Go支持通过 + 拼接多个string，但是需要注意的是如果拼接后的字符串长度超过32字节，则需要分配内存空间；反之则存放在缓冲区上。

1
2
3

const tmpStringBufSize = 32
// 数组类型，用于将结果保存在栈中
type tmpBuf [tmpStringBufSize]byte

如果有多个字符串通过 + 拼接，会根据拼接的数量调用 concatstring2/3/4/5 ，不过最终还是会调用 concatstrings 。

concatstrings

func concatstrings(buf *tmpBuf, a []string) string {
	idx := 0
	l := 0
	count := 0
  // 统计切片中所有字符串的总长度
	for i, x := range a {
		n := len(x)
		if n == 0 {
			continue
		}
		if l+n < l {
			throw("string concatenation too long")
		}
		l += n
		count++
		idx = i
	}
	if count == 0 {
		return ""
	}

	if count == 1 && (buf != nil || !stringDataOnStack(a[idx])) {
		return a[idx]
	}
  // 分配一定的空间存放结果
	s, b := rawstringtmp(buf, l)
	for _, x := range a {
    // 将字符串复制到b中
		copy(b, x)
		b = b[len(x):]
	}
	return s
}

rawstringtmp

该函数的主要作用分配空间以便存放拼接后的结果，当然，如果缓冲区不为nil且结果字符串长度小于等于32，则直接保存到缓冲区中

func rawstringtmp(buf *tmpBuf, l int) (s string, b []byte) {
  // 将拼接后的结果保存到栈上的缓冲区中
	if buf != nil && l <= len(buf) {
		b = buf[:l]
		s = slicebytetostringtmp(&b[0], len(b))
	} else {
    // 调用 mallocgc 分配内存空间以便存放结果
		s, b = rawstring(l)
	}
	return
}

类型转换

一般使用string需要和byte切片进行类型的转换，分为

string 转为 []byte
[]byte 转为 string

1
2
3

var s1 string = "hello"
var b1 []byte = []byte(s1)
var s2 string = string(b1)

slicebytetostring

对于小于等于32字节的直接在栈上分配（保存在缓冲区 tmpBuf中），返回的string内部实际是引用了缓冲区 tmpBuf，而非分配在堆上的内存。
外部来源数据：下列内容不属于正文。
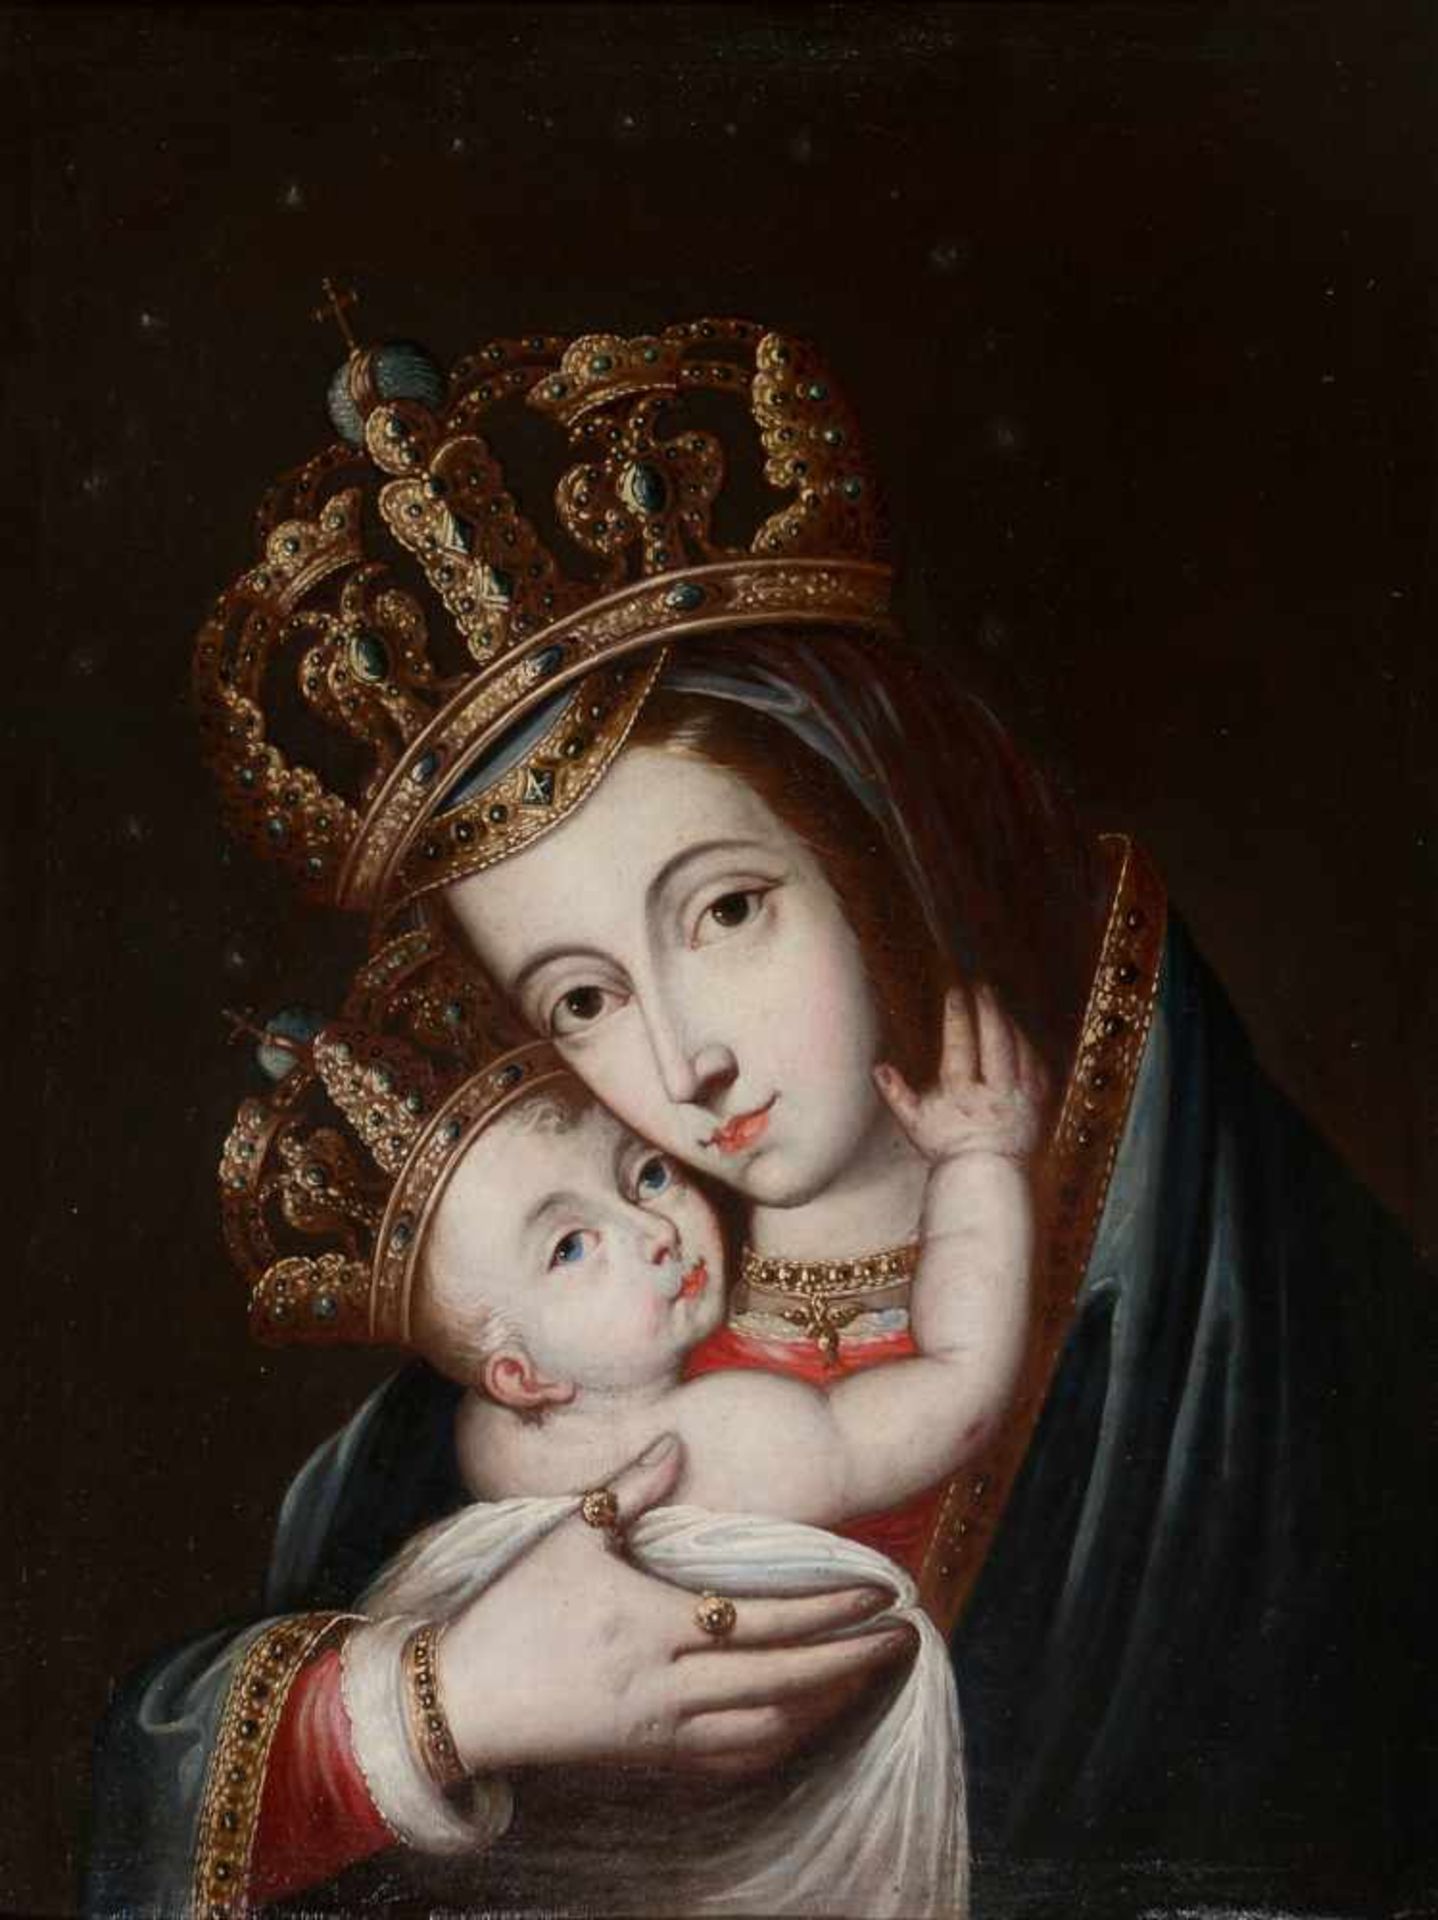 José de Arellano (Madrid, 1653 - 1714) "Madonna and Child" Oil on canvas. Signed. Circa 1695 - 1700.

相反，如果byte切片大小超过32字节，则需要分配内存

func slicebytetostring(buf *tmpBuf, ptr *byte, n int) (str string) {
	if n == 0 {
		return ""
	}
  
	...

	var p unsafe.Pointer
  // 对于小于等于32字节的byte切片，保存在临时缓冲区上
	if buf != nil && n <= len(buf) {
		p = unsafe.Pointer(buf)
	} else {
    // 否则分配在堆上
		p = mallocgc(uintptr(n), nil, false)
	}
  // 修改stringStruct结构
	stringStructOf(&str).str = p
	stringStructOf(&str).len = n
  // 将原 []byte 中的字节全部复制到新的内存空间中
	memmove(p, unsafe.Pointer(ptr), uintptr(n))
	return
}

其中的 stringStructOf 函数如下，将 string 换为一个 stringStruct 结构体。

1
2
3

func stringStructOf(sp *string) *stringStruct {
	return (*stringStruct)(unsafe.Pointer(sp))
}

stringtoslicebyte

该函数将一个 string 转换为 []byte ，同样也是根据字符串长度保存到不同位置

func stringtoslicebyte(buf *tmpBuf, s string) []byte {
	var b []byte
  // 结果保存到临时缓冲区
	if buf != nil && len(s) <= len(buf) {
		*buf = tmpBuf{}
		b = buf[:len(s)]
	} else {
    // 保存在堆上
		b = rawbyteslice(len(s))
	}
	copy(b, s)
	return b
}

rawbyteslice

该函数的作用就是在堆上分配一个byte切片内存空间

func rawbyteslice(size int) (b []byte) {
  // 内存对齐，保证对齐后的大小为2的n次方
	cap := roundupsize(uintptr(size))
  // 分配内存
	p := mallocgc(cap, nil, false)
	if cap != uintptr(size) {
		memclrNoHeapPointers(add(p, uintptr(size)), cap-uintptr(size))
	}
	*(*slice)(unsafe.Pointer(&b)) = slice{p, size, int(cap)}
	return
}

我们注意到上面的 roundupsize ，主要作用是进行 内存对齐，使得内存分配的大小尽可能少。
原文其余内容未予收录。